Spanish alternative metal band

FreakMind is a Spanish alternative metal band formed in 2001 in Madrid. Its lineup consisted of Alberto, Dani, Javi and Rubén. The band has released one demo and three studio albums with the label Underground, M-20. Their musical style mixes alternative rock and nu metal.

==History==
In December of 2001, Alberto (lead vocals) and Dani (drums), coming from Only For, began to look forother members for a new musical project. The pair hired Javi (lead guitar) of Holocausto. In February 2002, after having shuffled several names for the group, they chose FreakMind.

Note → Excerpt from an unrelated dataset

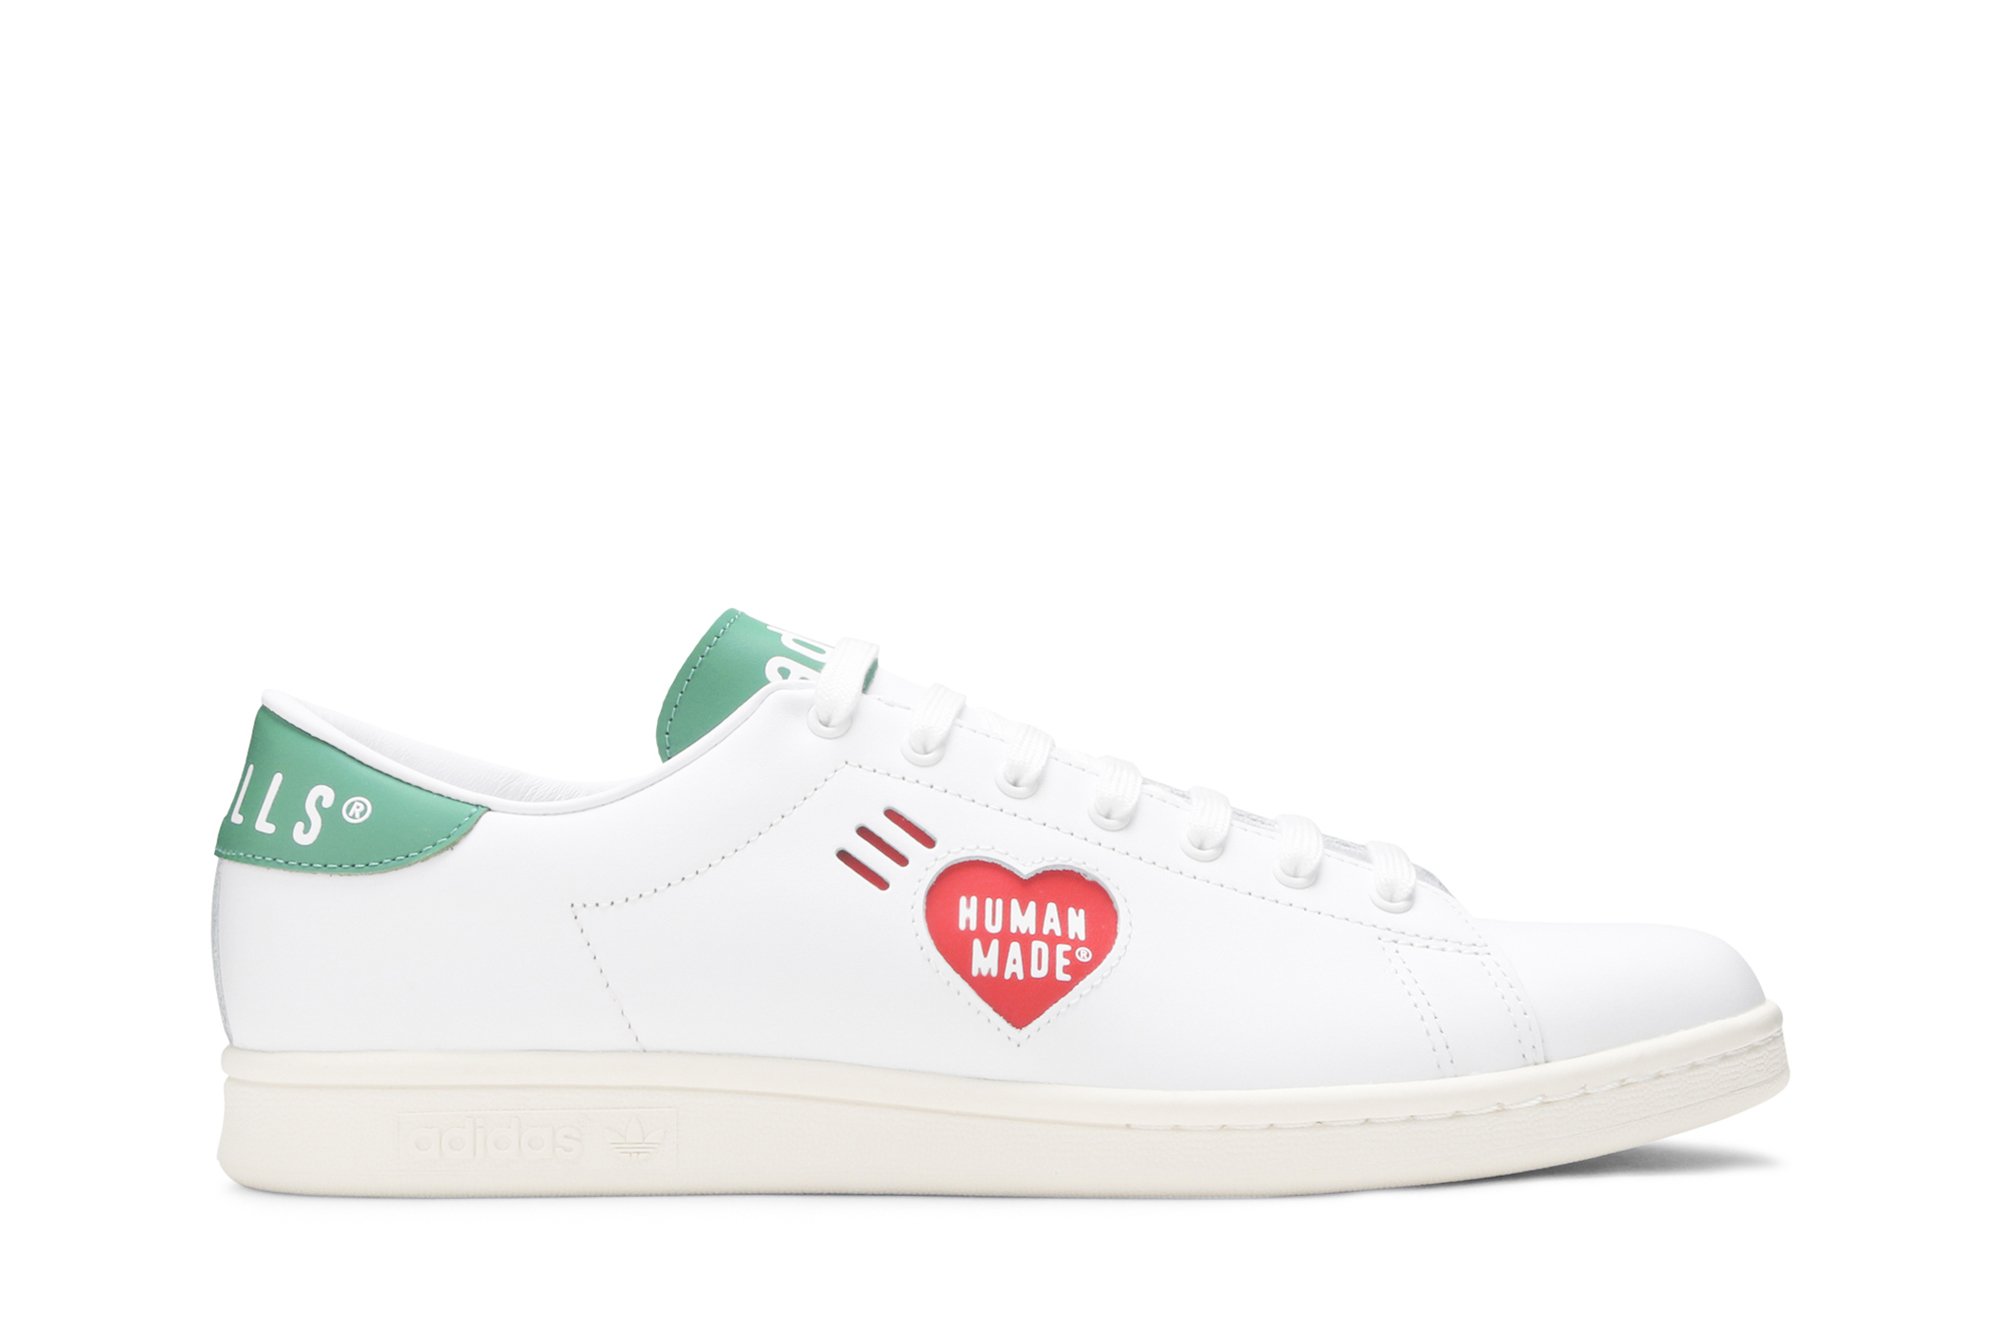 Buy Human Made x Stan Smith 'White Green' - FY0734 | GOAT

During the second week of December of 2002, FreakMind recorded their first demo in the Cube studios of Madrid with producer Luis Tarraga and sound engineer Alberto Seara. The songs that are included in this demo are Empty, Liquid Sand and Madness Threads. The demo was received positively, with numerous Internet forums hosting positive reviews.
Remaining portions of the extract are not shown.